Supplied material:

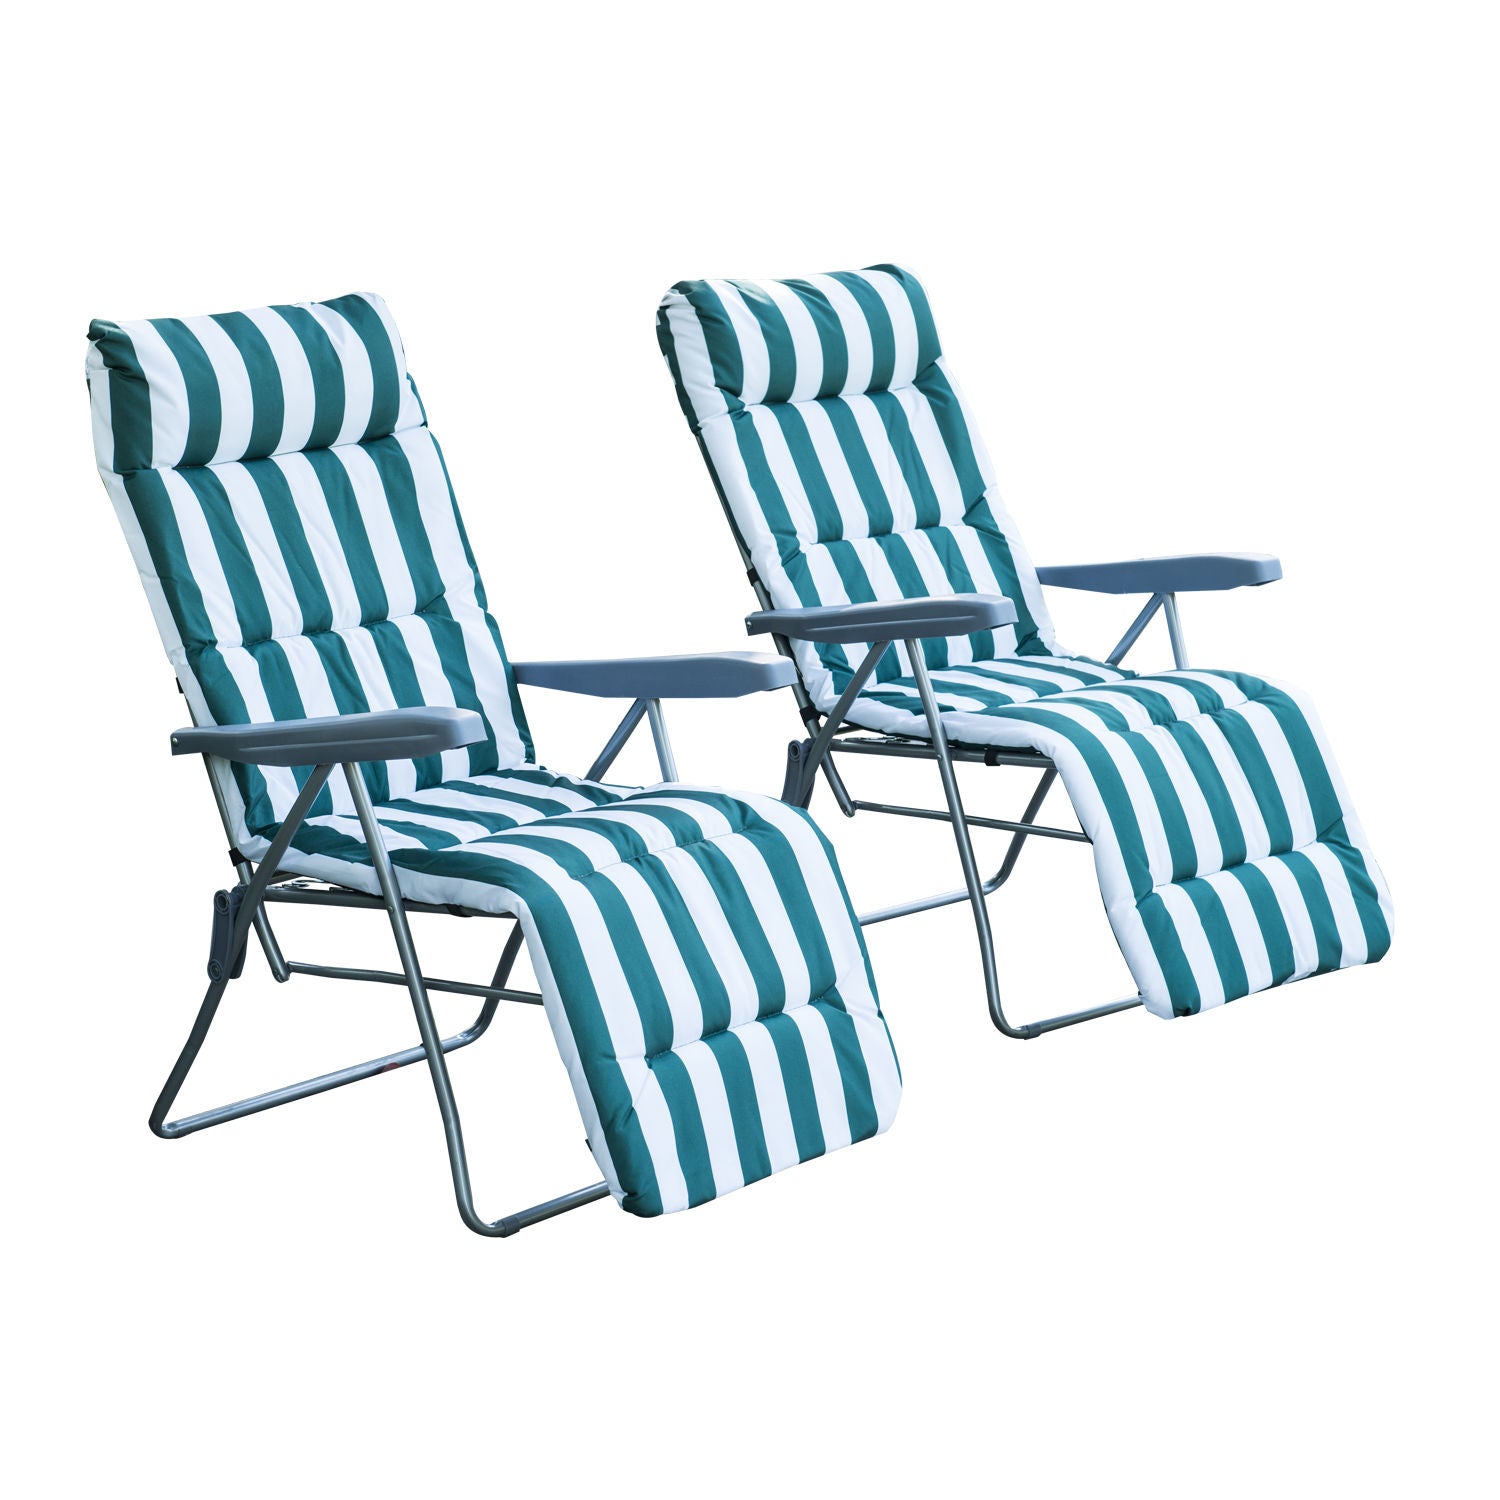 Chaises de jardin Nancy's Cary - Chaise longue - Lot de 2 - Pliable - 5 positions - Réglable - Vert - Blanc - 60 x 75 x 104 cm
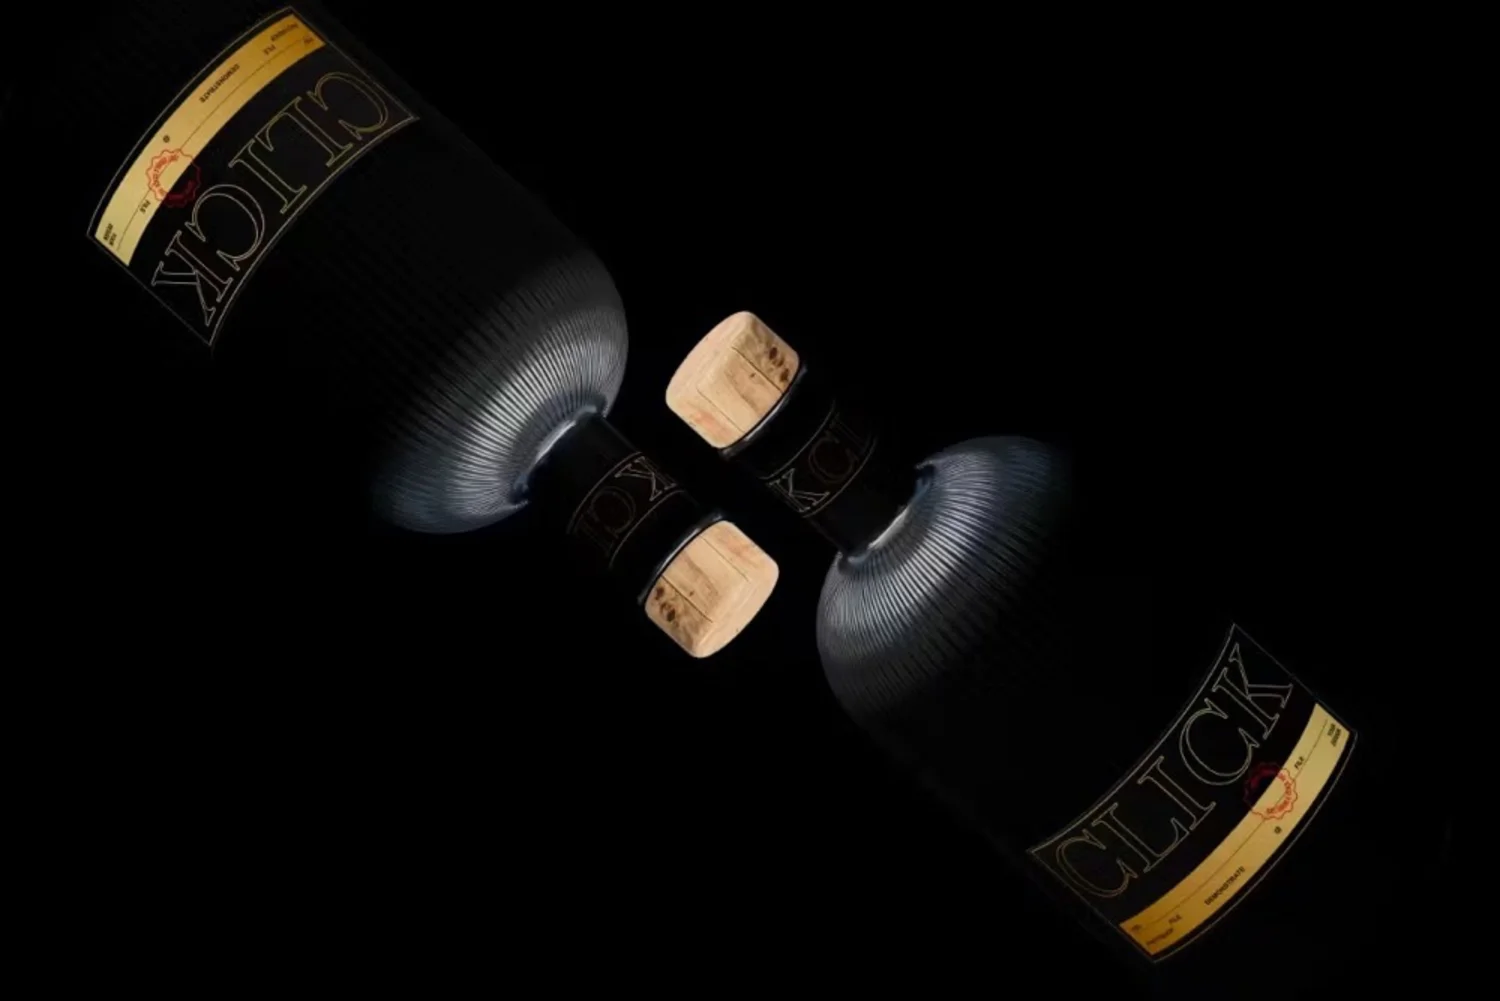 5026 8款时尚鸡尾酒洋酒调酒玻璃酒瓶酒标设计ps样机素材展示效果图 Gin Bottle Mockup Set@GOOODME.COM
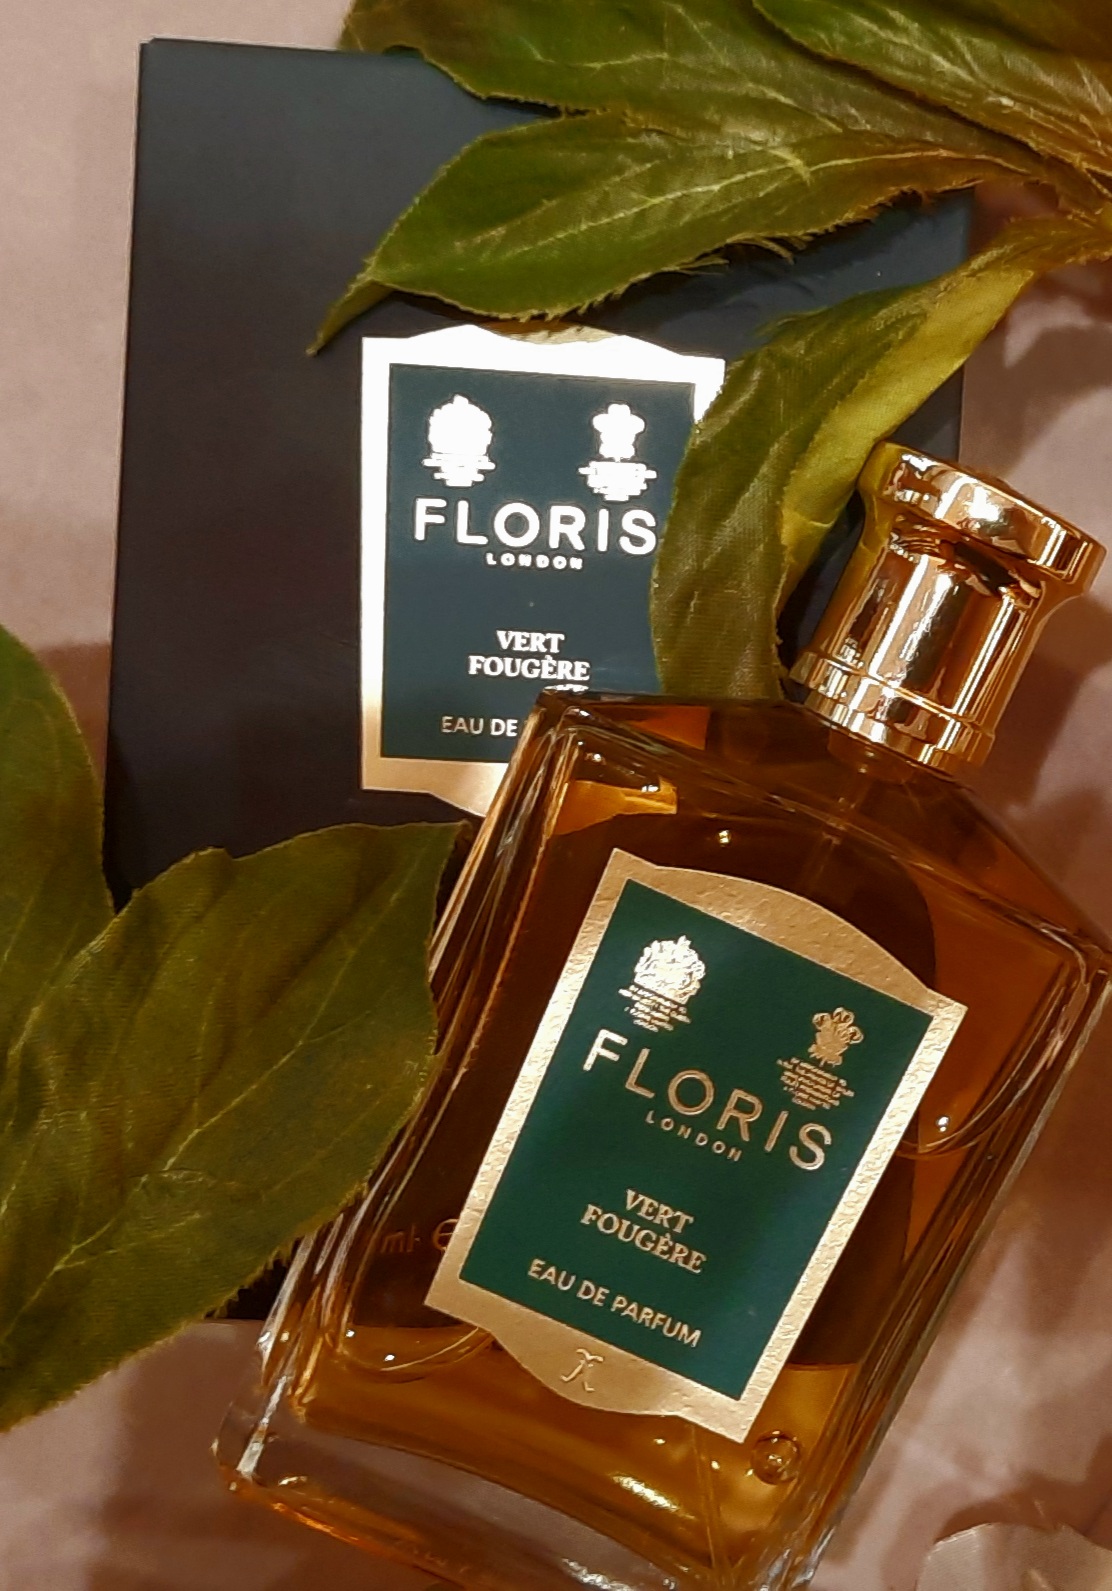 Floris - Vert Fougère

Problem to work on: Set down all of the material word for word, minus its pictures.

Response to this task:
 Chaises de jardin Nancy's Cary - Chaise longue - Lot de 2 - Pliable - 5 positions - Réglable - Vert - Blanc - 60 x 75 x 104 cm
 5026 8款时尚鸡尾酒洋酒调酒玻璃酒瓶酒标设计ps样机素材展示效果图 Gin Bottle Mockup Set@GOOODME.COM
 Floris - Vert Fougère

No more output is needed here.